At the end of the year, we're going to start saying ice lake popping up. And next year ice lake is going to ramp, DDR5 is going to start to ramp And as I said, when DDR5 ramp, because we were one of we were the first to introduce DDR5 samples in the market, we believe our market share is going to continue to increase. And in addition to that, we're developing companion products that are going to go in the same DDR5 bins. The potential market for us is going to further increase when that happens. But second half, as I said, inventory levels are healthy, but we just couldn't.
Okay. Understood. And then last question coming off of Intel's earnings, talked about the manufacturing challenges and emphasized perhaps use of chiplets. And I think, I'm curious for your Silicon IP business in the 30s, if that's a potential tailwind and if so, you could kind of maybe talk about how important that could be to that kind of breaking up with the chip and having to connect them chips and connect them?
Yes, that's a great question, Suji. When you move into very thin technologies like 7 nanometer or thinner, like 5 nanometer, the cost of masks and the complexity of designing, especially analog parts, is increasing. One of the solution to that problem is to actually separate the interface from the main shift itself and produce chiplets. High performance chiplets. And we have those developments in house.
We are, you know, full speed developing 112 gig very short range, IP interface that can be used in chiplets. So that's an area that we watch very, very closely I think there is a great market potential for that and that plays into one of our strengths, which is this very short reach 112 gig service and technology.

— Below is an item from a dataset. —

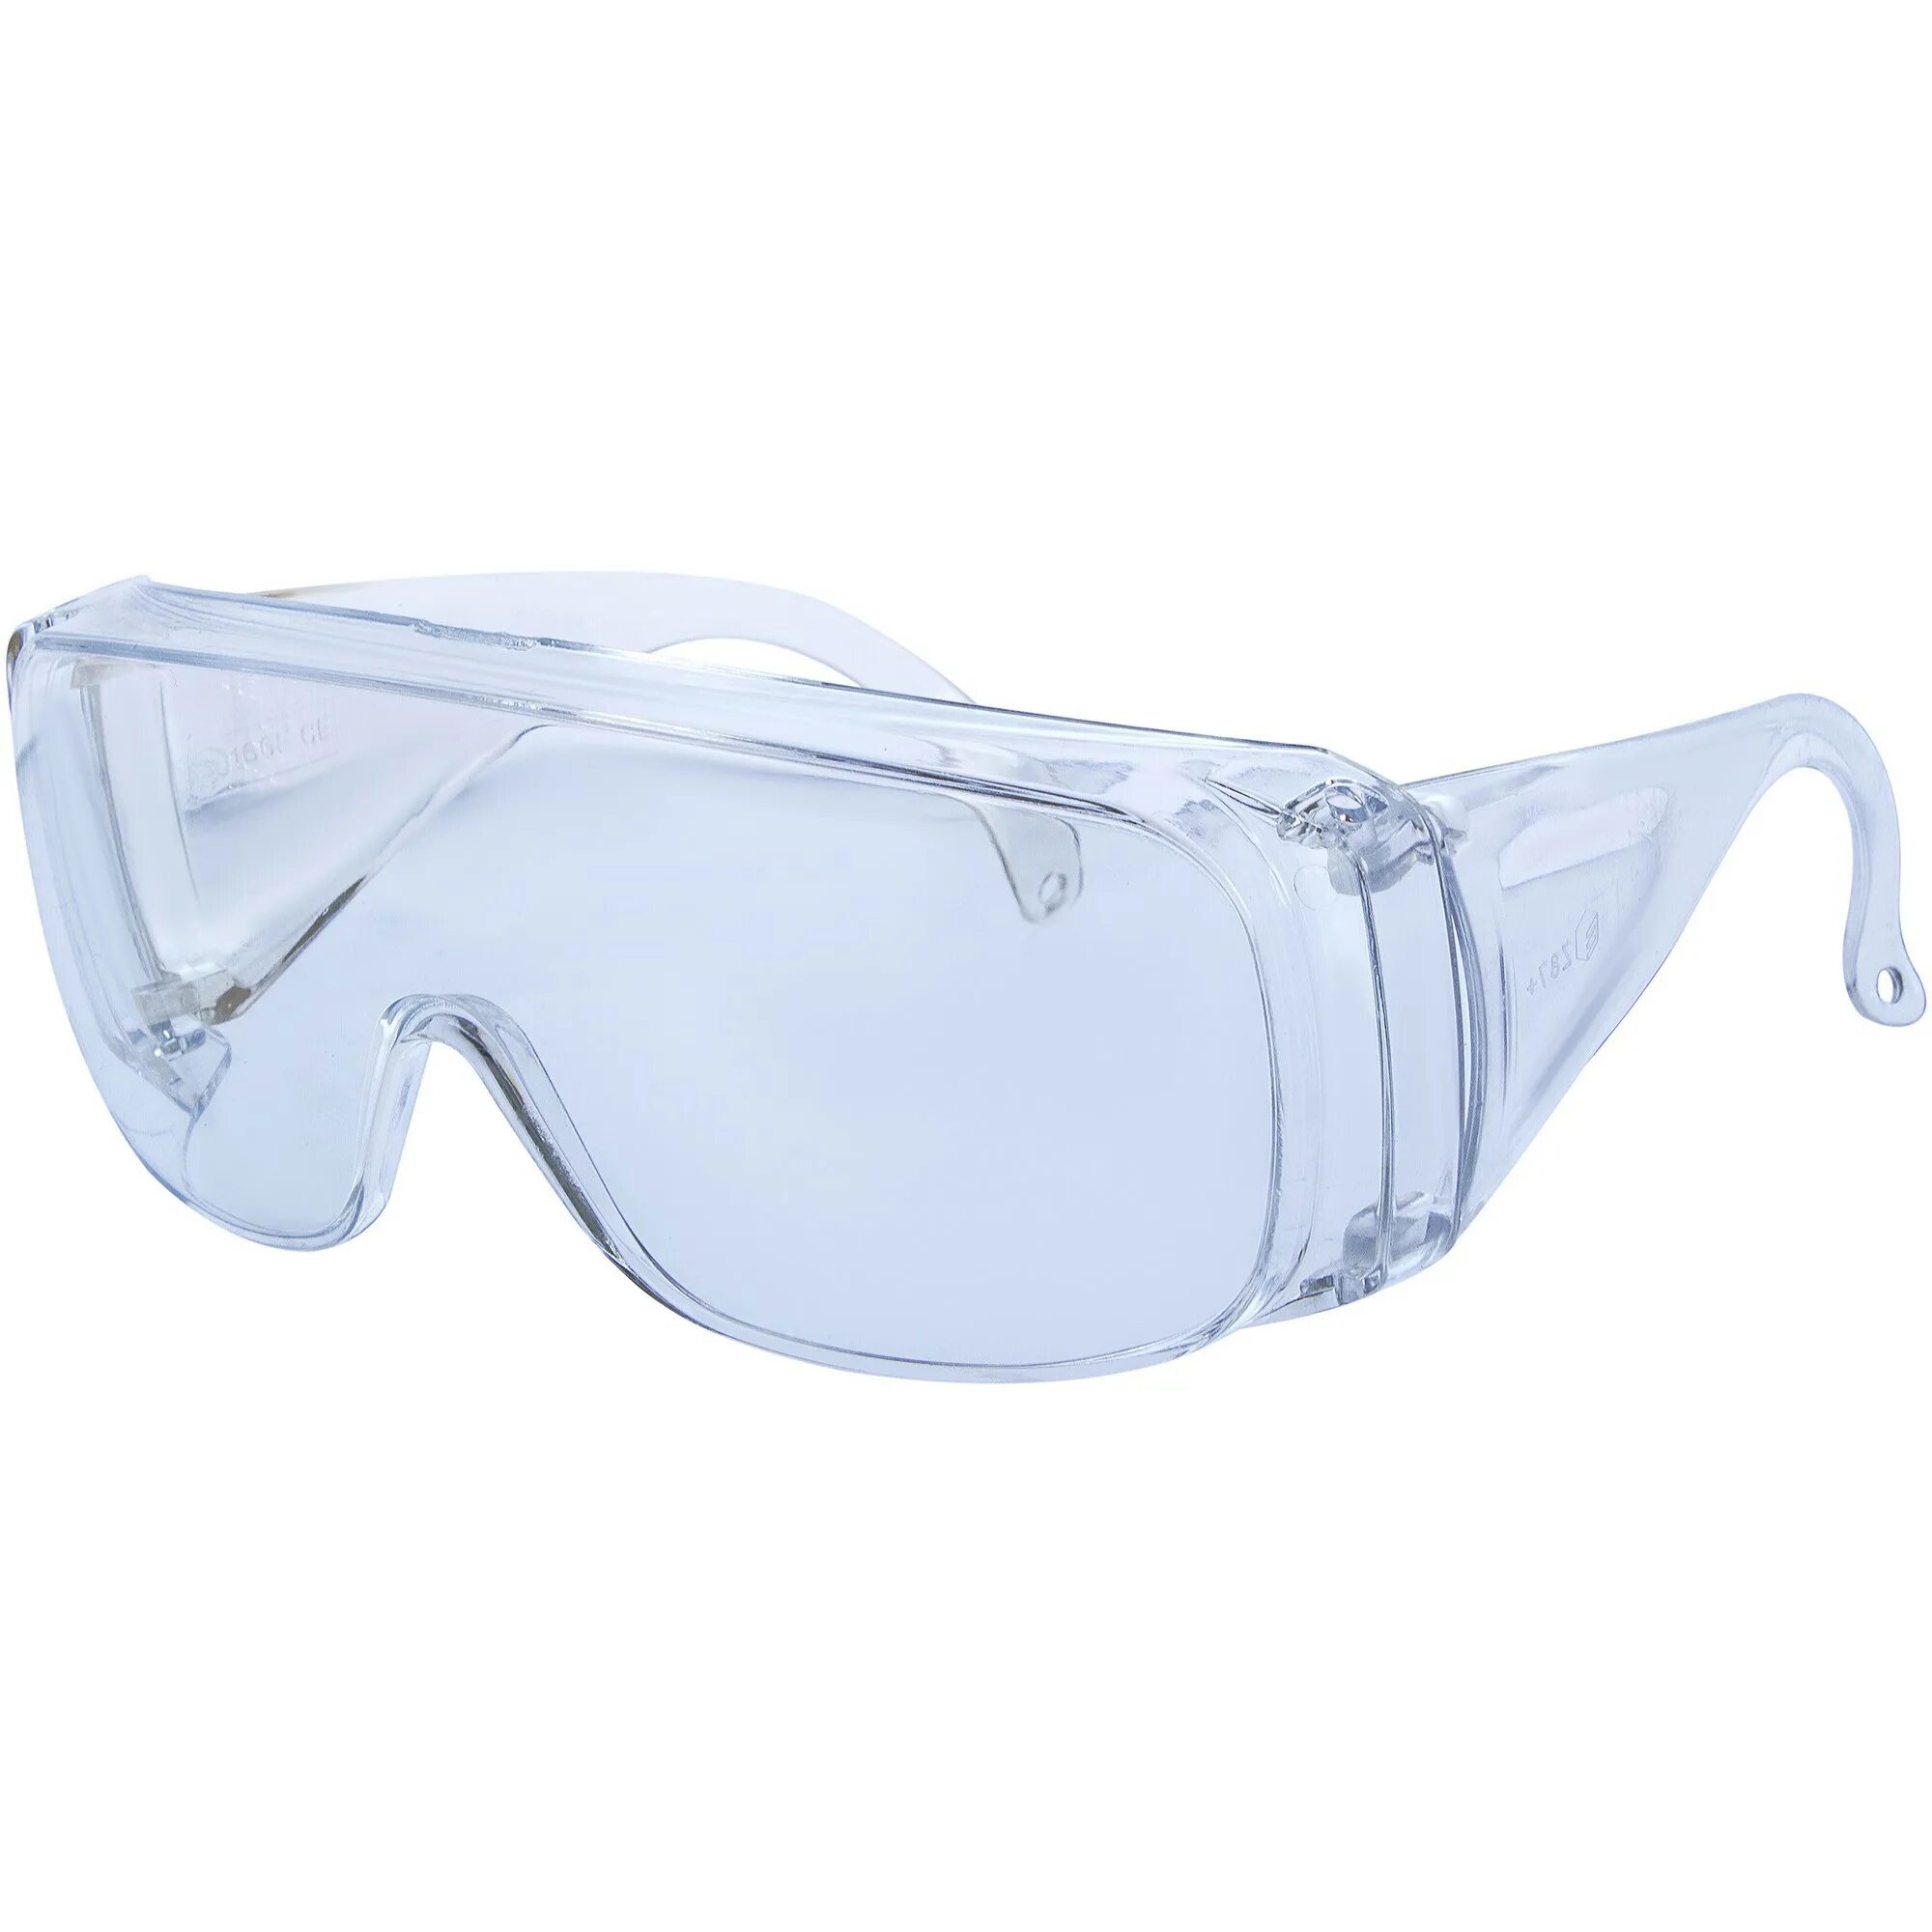 Очки защитные СИБРТЕХ, ударопрочные. Очки открытые СИБРТЕХ 89155. Очк304 (о-13011) очки защитные открытые (прозрачные). Очки защитные очк 304 0-13011.

At this time there are no further questions. This concludes the question and answer session. I would now like to turn the conference back over to Luc.
Thank you, everyone, who has joined us today for your continued interest and time We hope each one of you stays safe and healthy and look forward to speaking with you again soon. Have a great day.
Thank you. This now concludes this conference. You may now disconnect.